Given records
+++
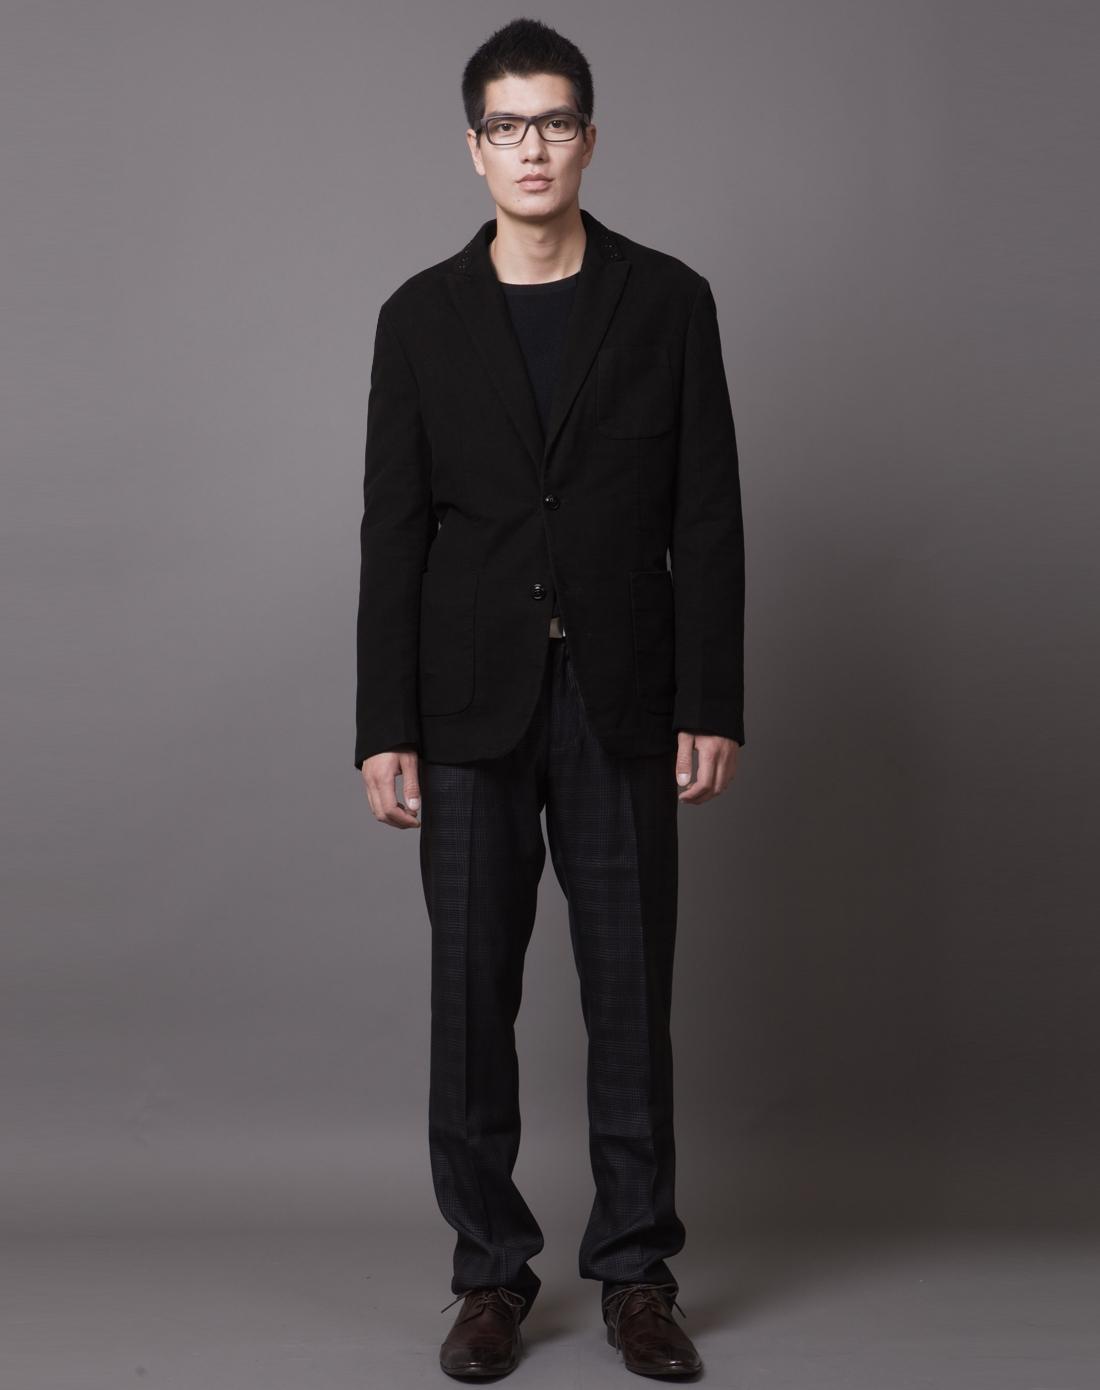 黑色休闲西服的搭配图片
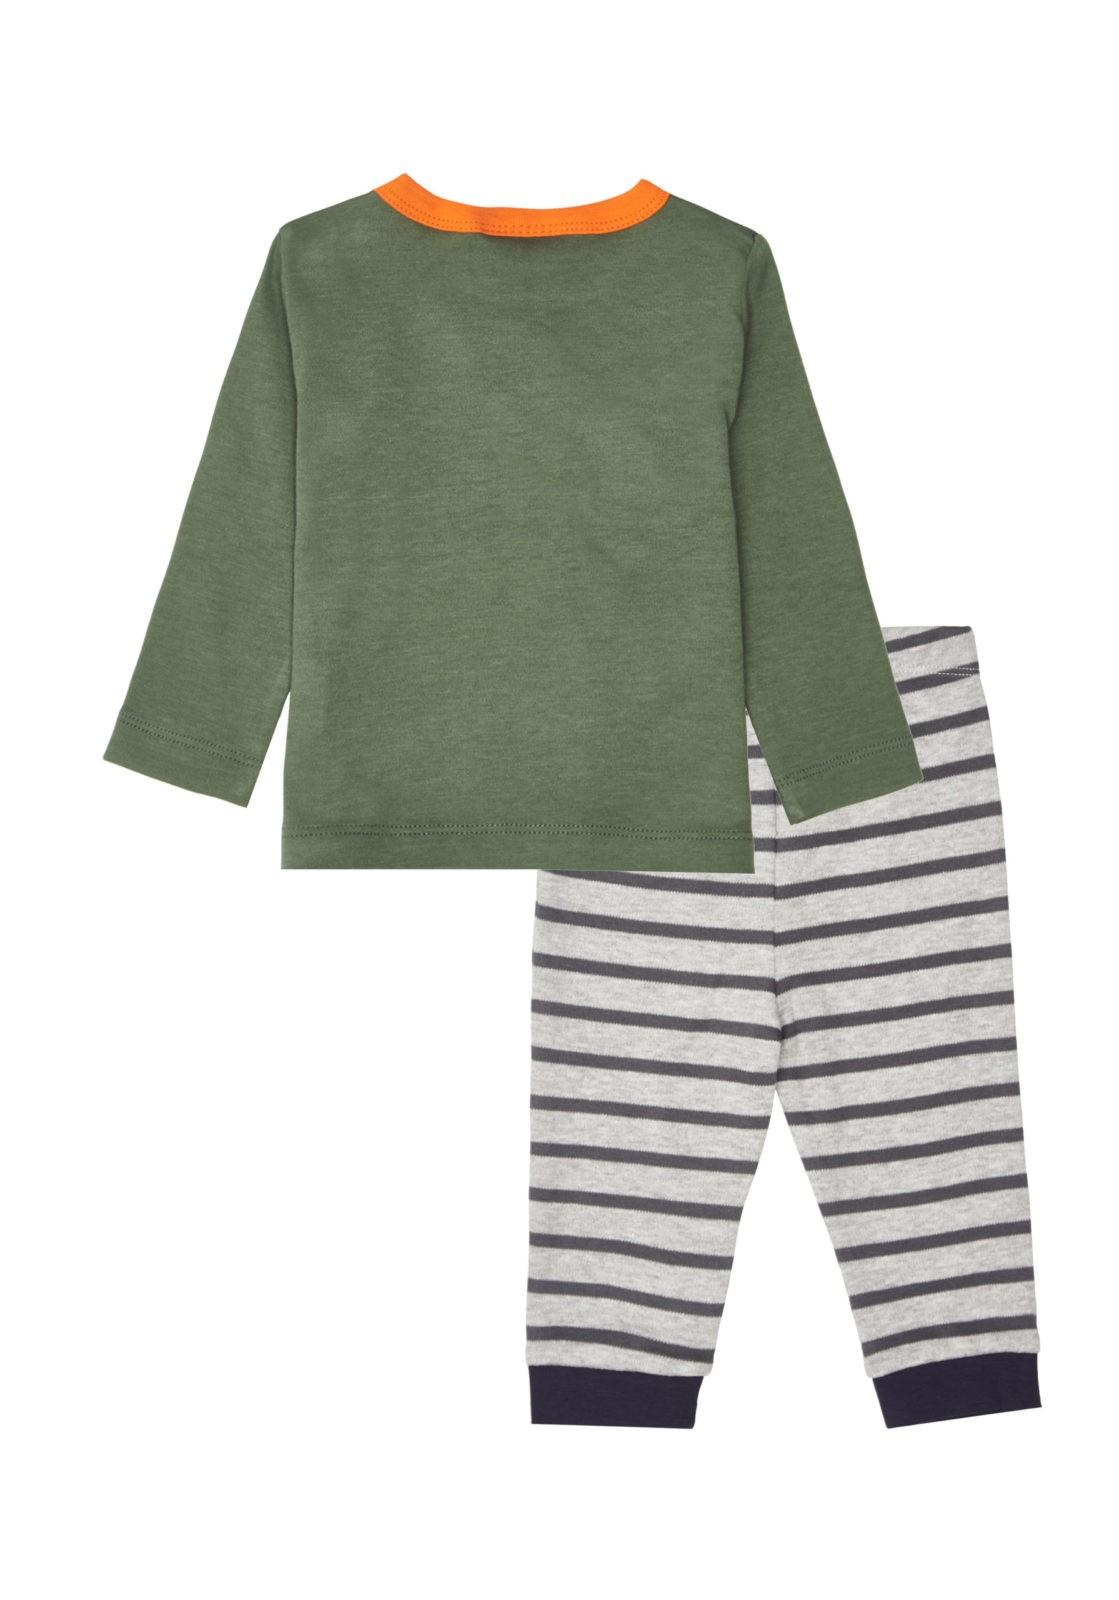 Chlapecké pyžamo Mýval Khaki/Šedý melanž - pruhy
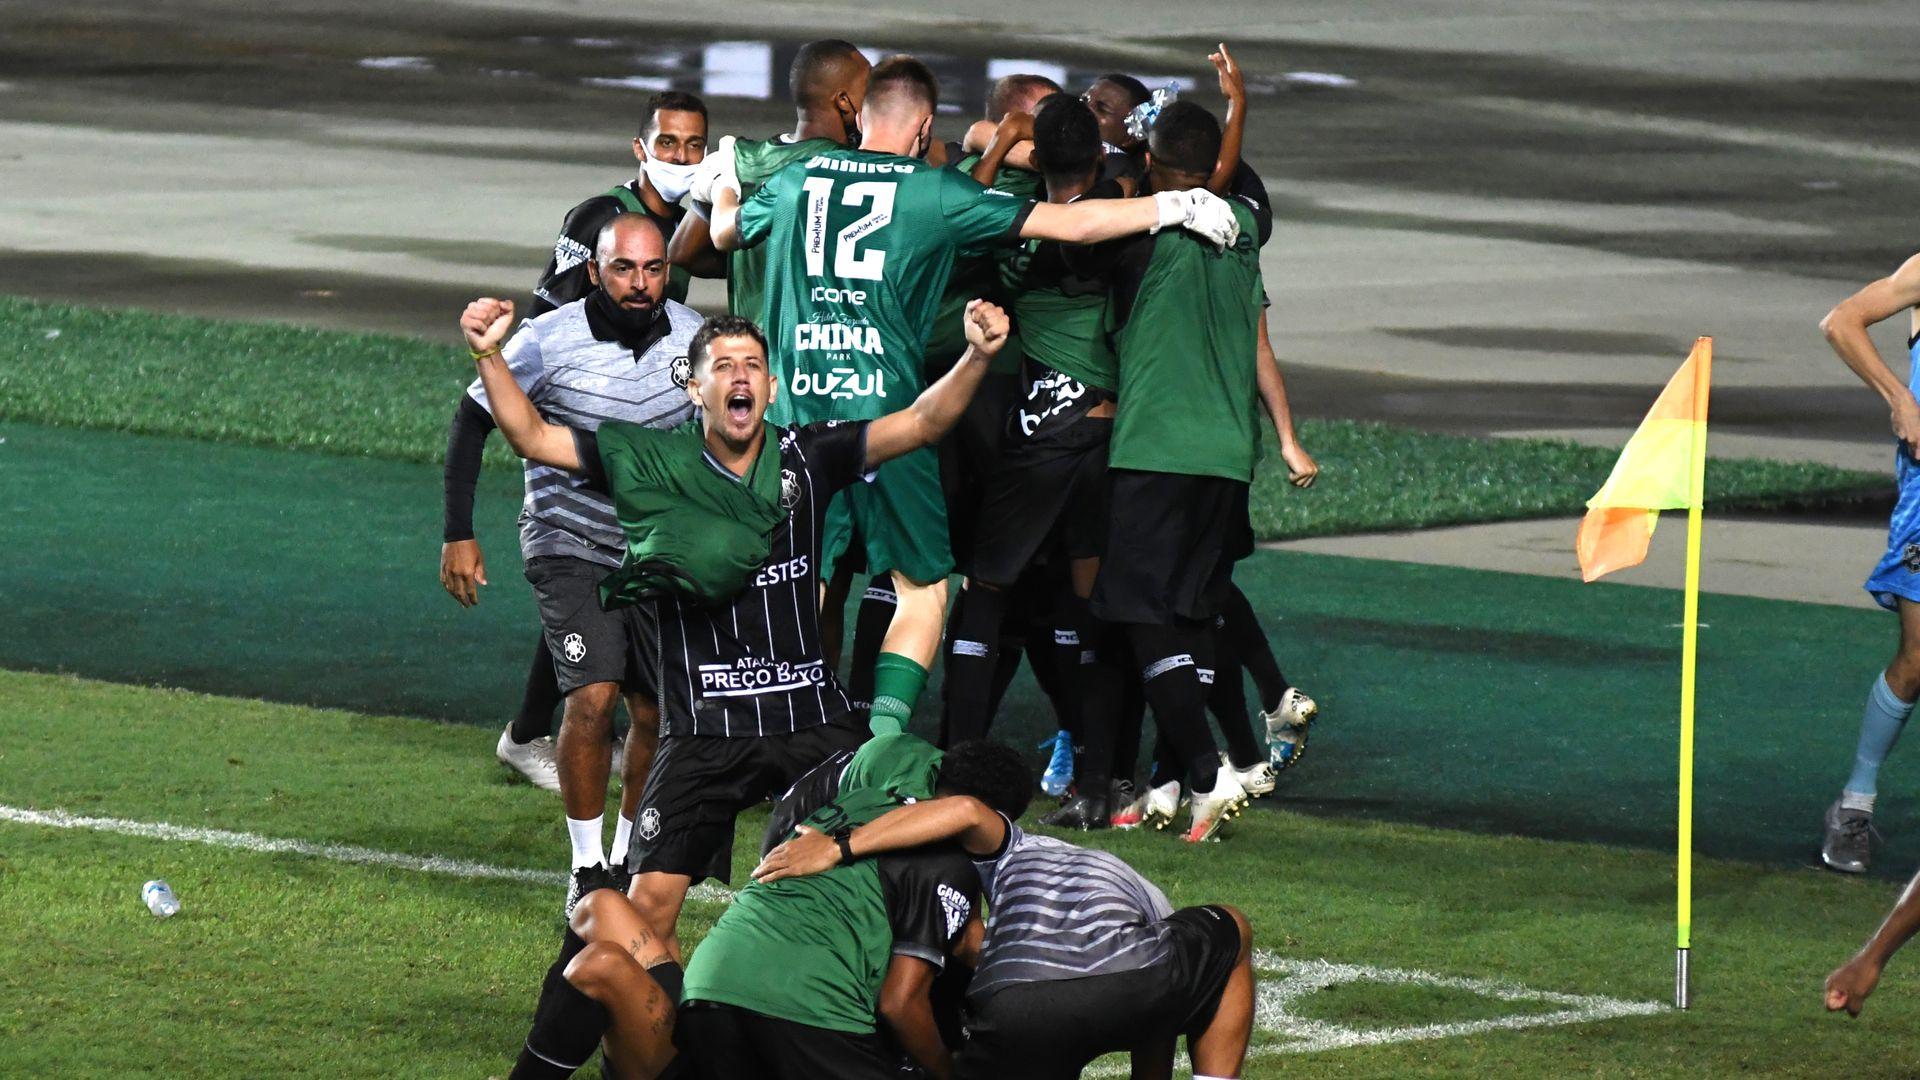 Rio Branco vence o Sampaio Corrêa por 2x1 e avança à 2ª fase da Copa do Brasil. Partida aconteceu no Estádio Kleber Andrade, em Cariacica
+++
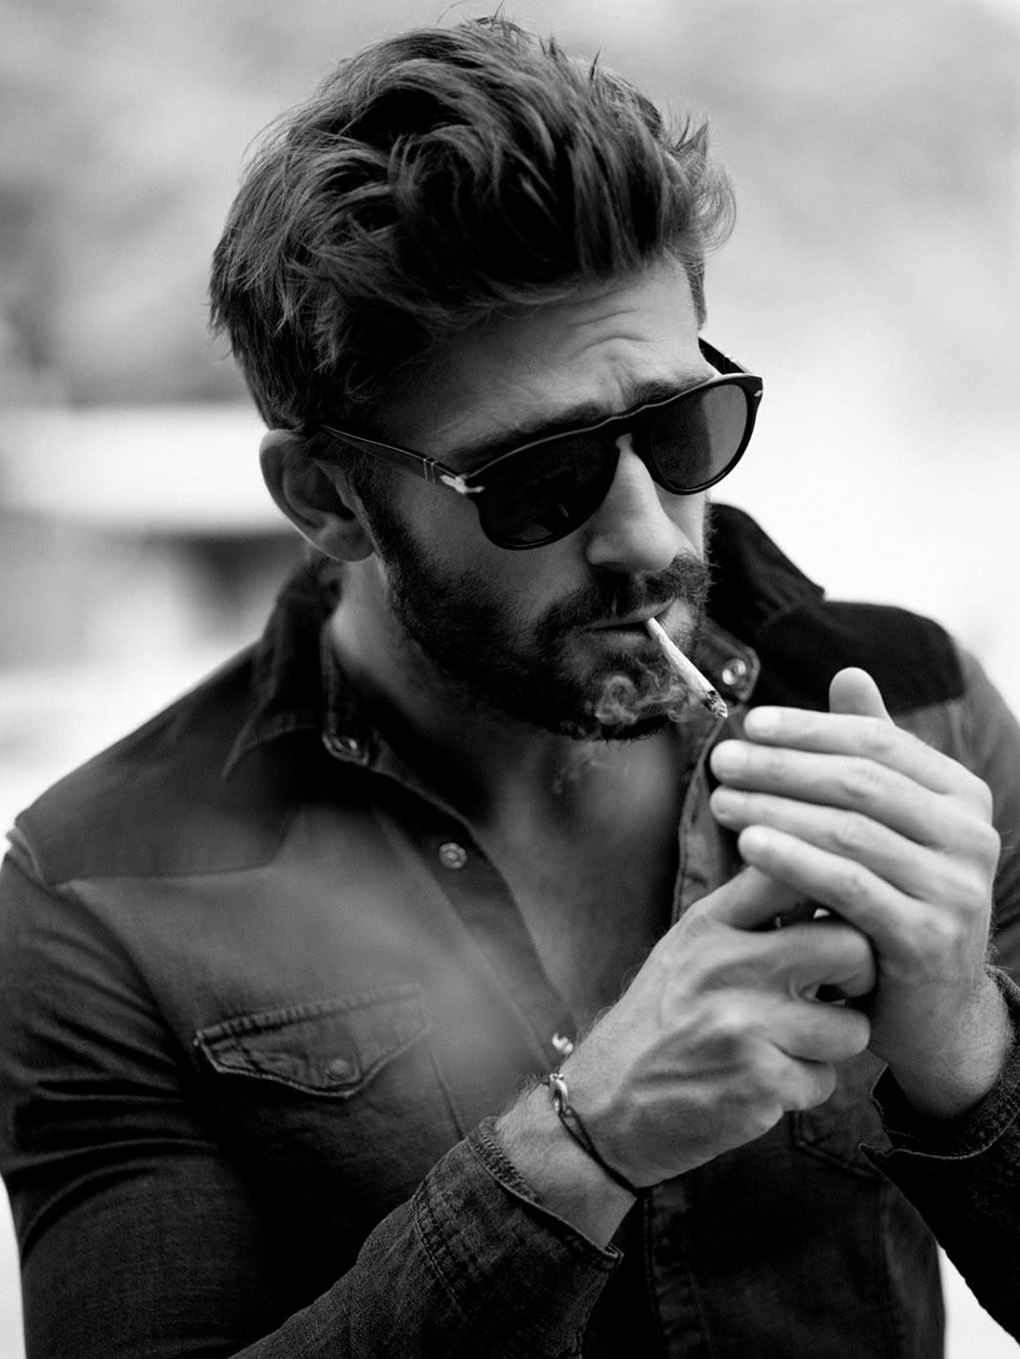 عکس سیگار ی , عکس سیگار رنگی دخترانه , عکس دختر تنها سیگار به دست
+++
From the entries above, copy exactly the lines starting at the one with "黑色休闲西服的搭配图片" and stopping at the one with "Rio Branco vence", keeping both ends. Drop the pictures.

 黑色休闲西服的搭配图片
 Chlapecké pyžamo Mýval Khaki/Šedý melanž - pruhy
 Rio Branco vence o Sampaio Corrêa por 2x1 e avança à 2ª fase da Copa do Brasil. Partida aconteceu no Estádio Kleber Andrade, em Cariacica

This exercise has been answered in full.